Yes, big blade prop. I ran with the silencer on the crossover and still think it is louder than the Q. Never had a decibal meter to say for sure. As for a gear change, I think I would do those upgrades to see what rpms you are running then change gears if needed. I was really into the upgrades, but that is as far as I went.


----------



## lewy149 (Apr 19, 2007)

Yeah I'm looking carbs muffler n new prop. I already got the weight distributed right so I'm getting good water to prop and not fighting to get on plain.
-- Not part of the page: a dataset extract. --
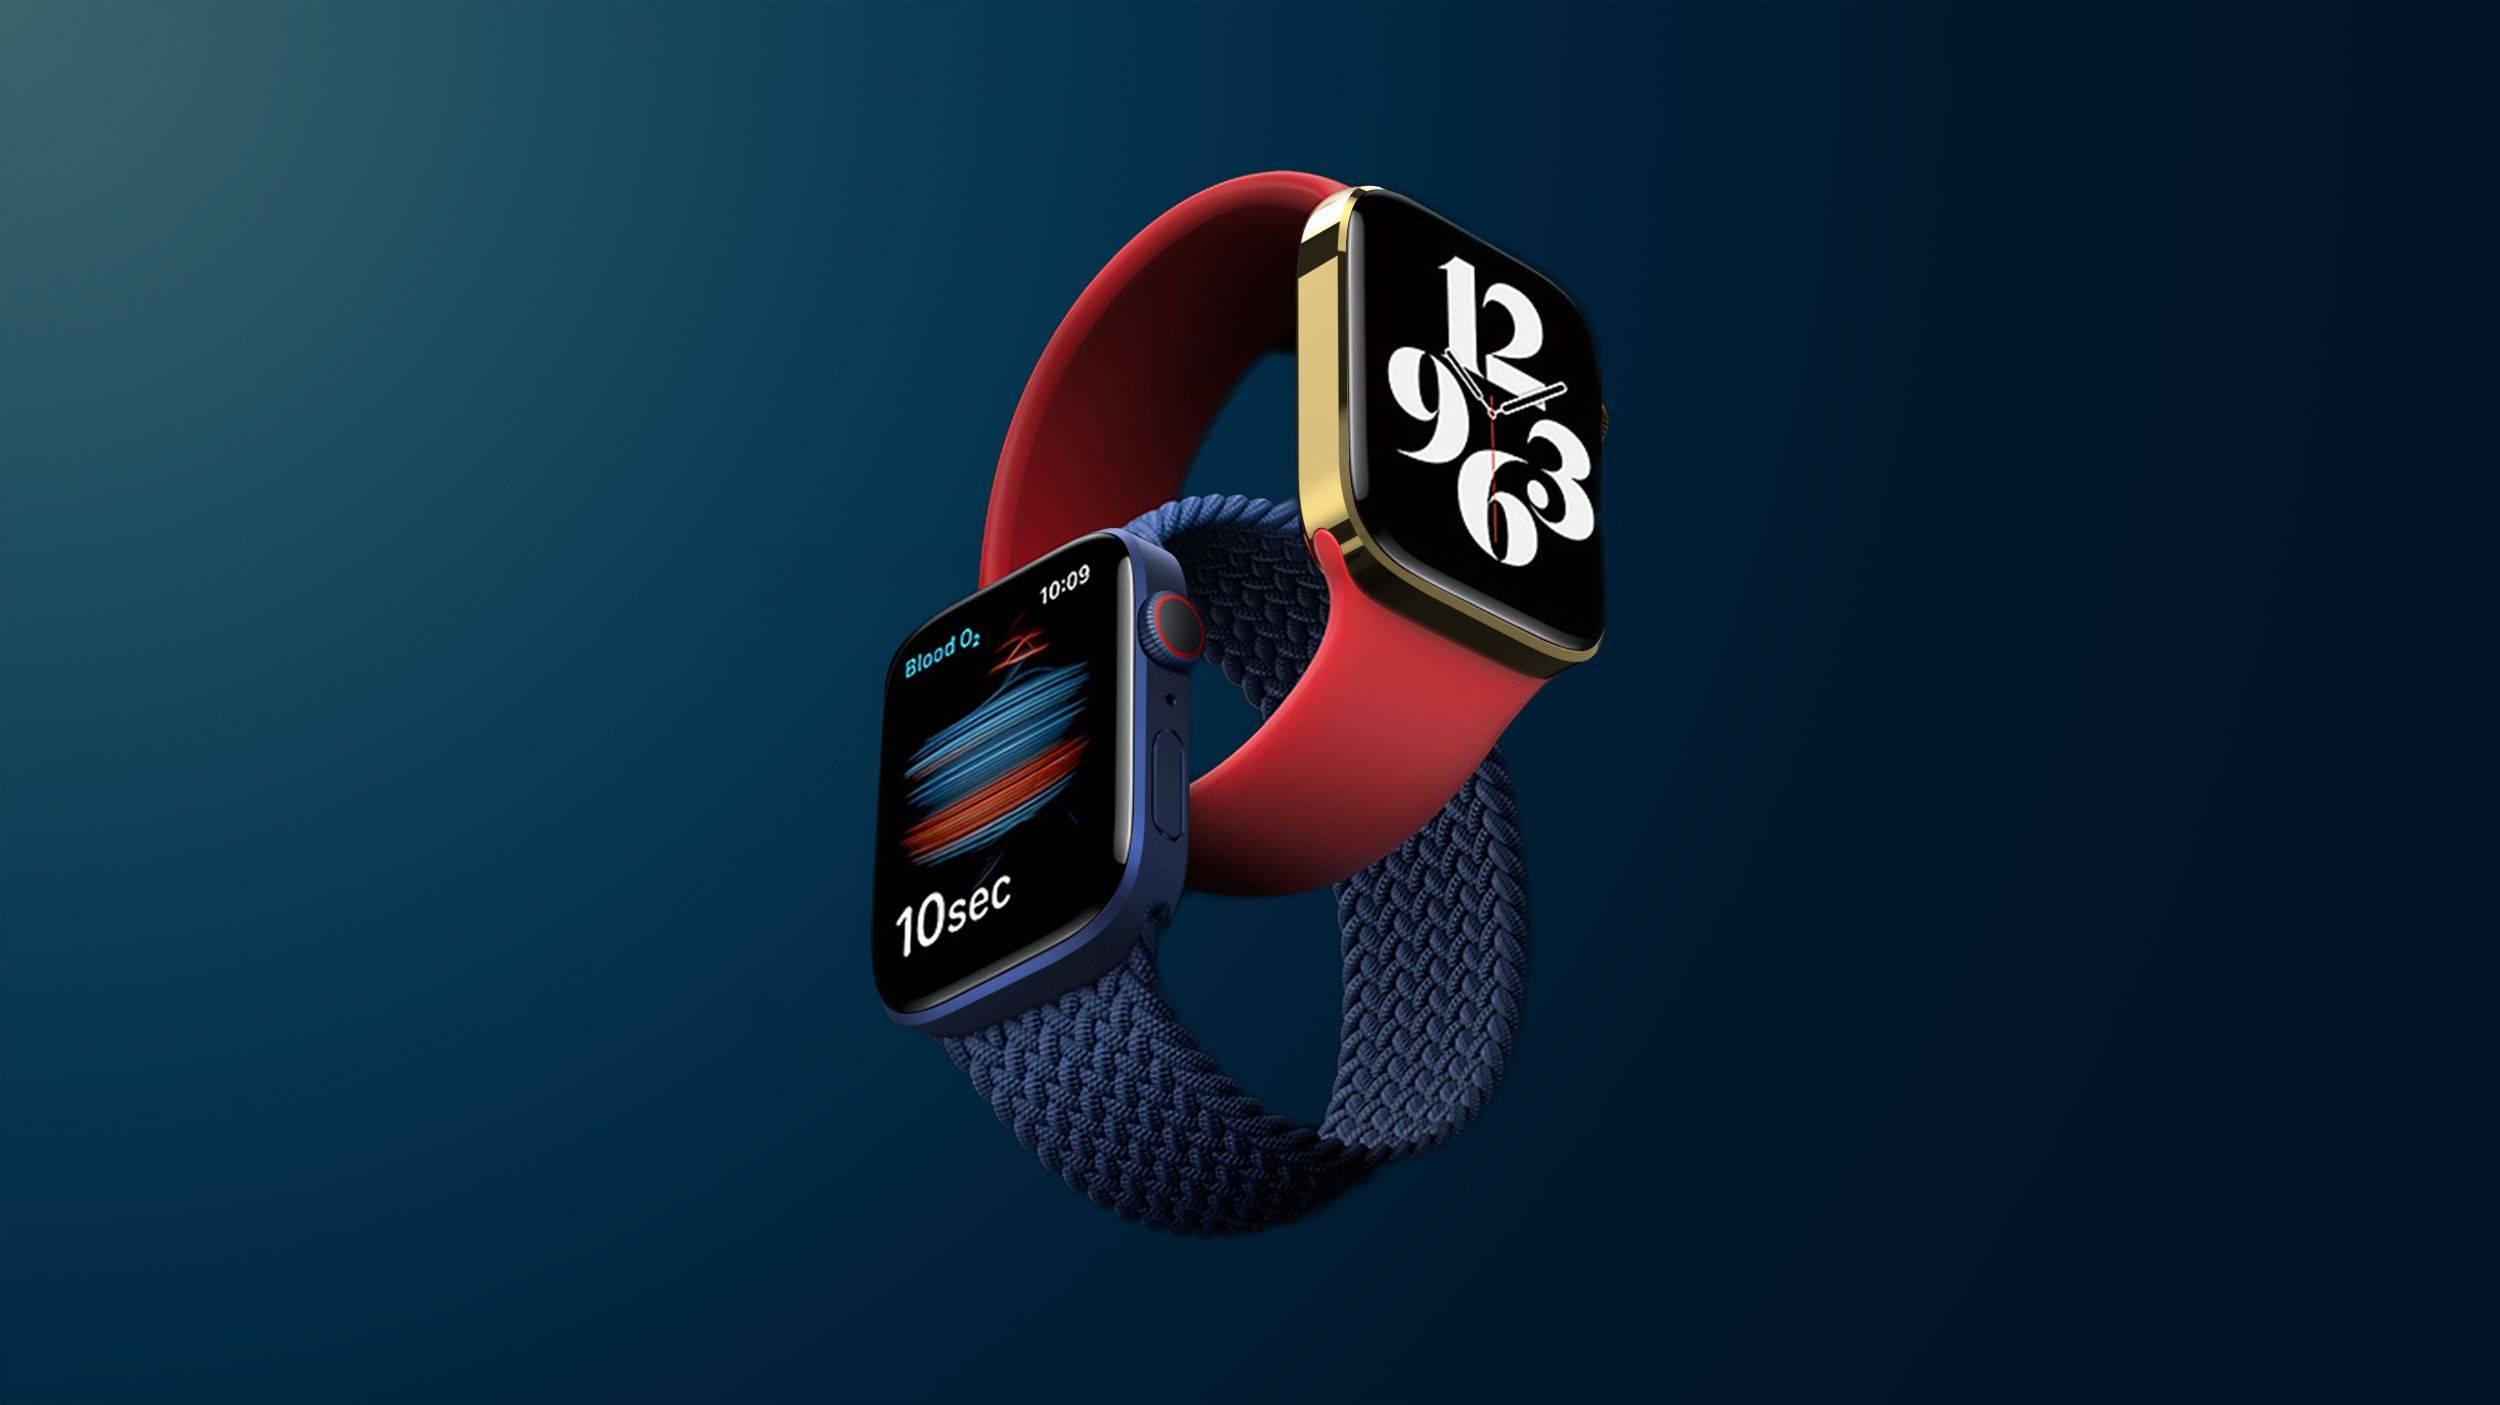 Минг-Чи Куо: Apple Watch Series 8 смогут измерять температуру тела, а новые AirPods  следить за здоровьем пользователя

I'm hoping to get 24-27 loaded.


----------



## rosimike (Mar 10, 2011)

I had a 35hp Vanguard Mudbuddy.Put the fancy single exhaust on it.Still was dog with 3 people and gear in a 1750 Gatortrax.Thought about doing all these upgrades carbs,heads and whatever else was needed.So thought my answer would be Mudbuddy Black Death 5500 and Dual single exhaust.Bought the Black Death great engine for 2 people and gear.Add more people and its a dog.Couldn't plane it.Just plowed the waves.If it was me and my boat go with a 45 mag from mudbuddy or go to a 5000 series.I would go find someone with these motors and go out for a ride.I think your going to be disappointed if your go the way your thinking with the load your planning on carrying.


----------



## lewy149 (Apr 19, 2007)

rosimike said:


> I had a 35hp Vanguard Mudbuddy.Put the fancy single exhaust on it.Still was dog with 3 people and gear in a 1750 Gatortrax.Thought about doing all these upgrades carbs,heads and whatever else was needed.So thought my answer would be Mudbuddy Black Death 5500 and Dual single exhaust.Bought the Black Death great engine for 2 people and gear.Add more people and its a dog.Couldn't plane it.Just plowed the waves.If it was me and my boat go with a 45 mag from mudbuddy or go to a 5000 series.I would go find someone with these motors and go out for a ride.I think your going to be disappointed if your go the way your thinking with the load your planning on carrying.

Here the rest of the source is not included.